Campbell is also on the same page as many other Black Republicans in Massachusetts, according to state committee member Rachel Kemp, a former assistant secretary for economic affairs in the Weld administration.

“Black Republicans, for the most part, are socially conservative,” Kemp said. “The party itself doesn’t realize how conservative the Black Republican constituency is.”

Kemp lives in and knocks doors in Dorchester’s Ward 14, a predominantly Black and Latino ward where in 2020 Trump received 709 of the 11,379 votes cast — just shy of 6%. She says the rightward shift in the party hasn’t at all alienated Black Republicans.

Republican activist Robert Fortes, a real estate broker who lives in Hyde Park, says his own politics have shifted from Baker’s brand of Republicanism, which he calls “country club Republicanism” to the more populist politics of Trump’s party.

“Should we be the world’s police?” he said. “Should we be sending $40 billion to Ukraine when we have problems here?”

Campbell says the state party’s rightward shift is in keeping with traditional Republican values.

“It’s going back to our roots and the core of what the Republican Party set out to do,” she said. “We’re going back to the traditional core values that made this country great: family, opportunity, freedom.”
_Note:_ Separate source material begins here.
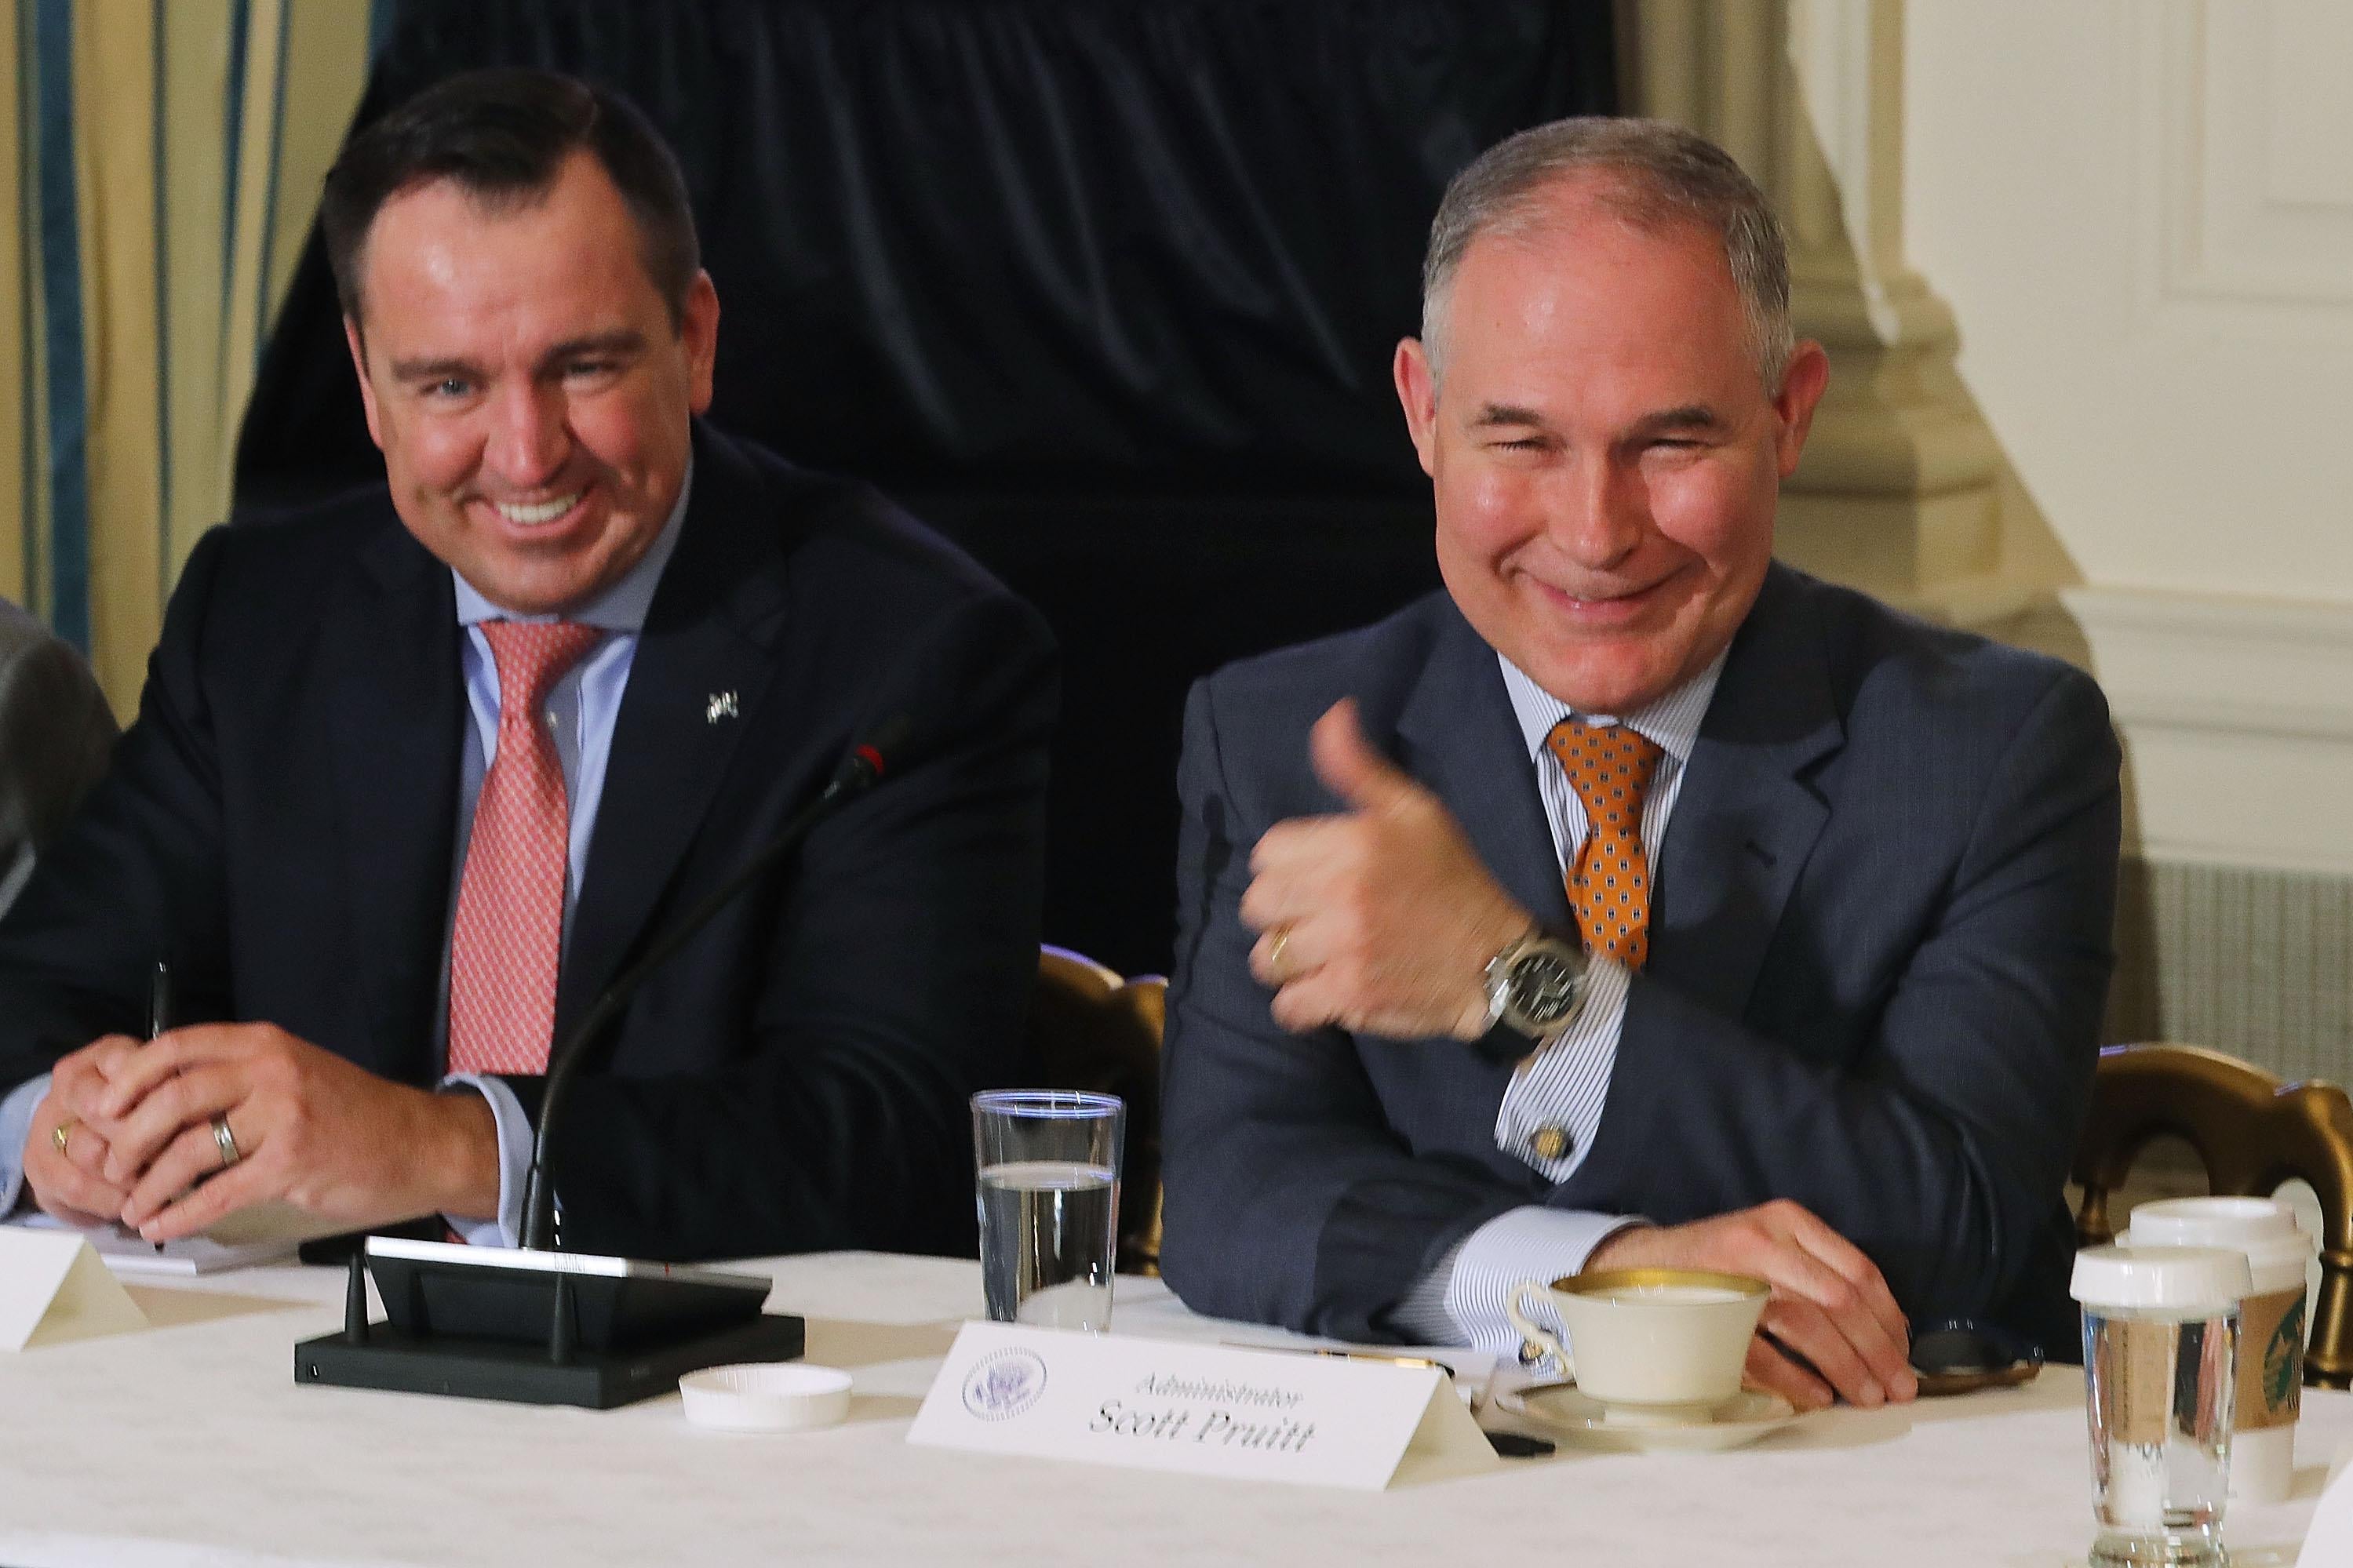 WASHINGTON, DC - FEBRUARY 12:  Environmental Protection Agency Administrator Scott Pruitt (R) gives a thumbs-up during a meeting with Utah Speaker of the House Greg Hughes and other state and local leaders where U.S. President Donald Trump unveiled his administration's long-awaited infrastructure plan in the State Dining Room at the White House February 12, 2018 in Washington, DC. The $1.5 trillion plan to repair and rebuild the nation's crumbling highways, bridges, railroads, airports, seaports and water systems is funded with $200 million in federal money with the remaining 80 percent coming from state and local governments.  (Photo by Chip Somodevilla/Getty Images)

The party’s favored gubernatorial candidate, Trump supporter Geoff Diehl, has cleaved to the same hard right stands as state leadership. Although he disavowed Campbell’s use of foul language on the convention floor, he backed her assertion that schools are teaching children inappropriate lessons about sex and sexuality in an interview with the Boston Globe and said Democratic control of the governor’s office would lead to “indoctrination” of children in the state.

If Republicans lose the corner office, Fortes says it will almost certainly weaken the party, making it harder for GOP candidates here to raise money, noting that past Republican governors were able to help local candidates tap into national donors.

“This is not an easy state for Republicans, outside the governor’s office,” he said. “It’s a value-added when you have to top elected official in the state.”

Diehl could use some of that value-added. He reported $296,441 in his campaign coffers as of April 30, far less than the $2 million Democrat Maura Healy has in her war chest. Campbell reported a balance of just $633.

The news reports of her speech, including a clip of her controversial speech posted on social media, may be the best media coverage she’s had yet.

For now, Campbell said she’s focused on getting her message out and expanding her base.

“We’re a new wave of diverse Republicans and we’re reaching people,” she said.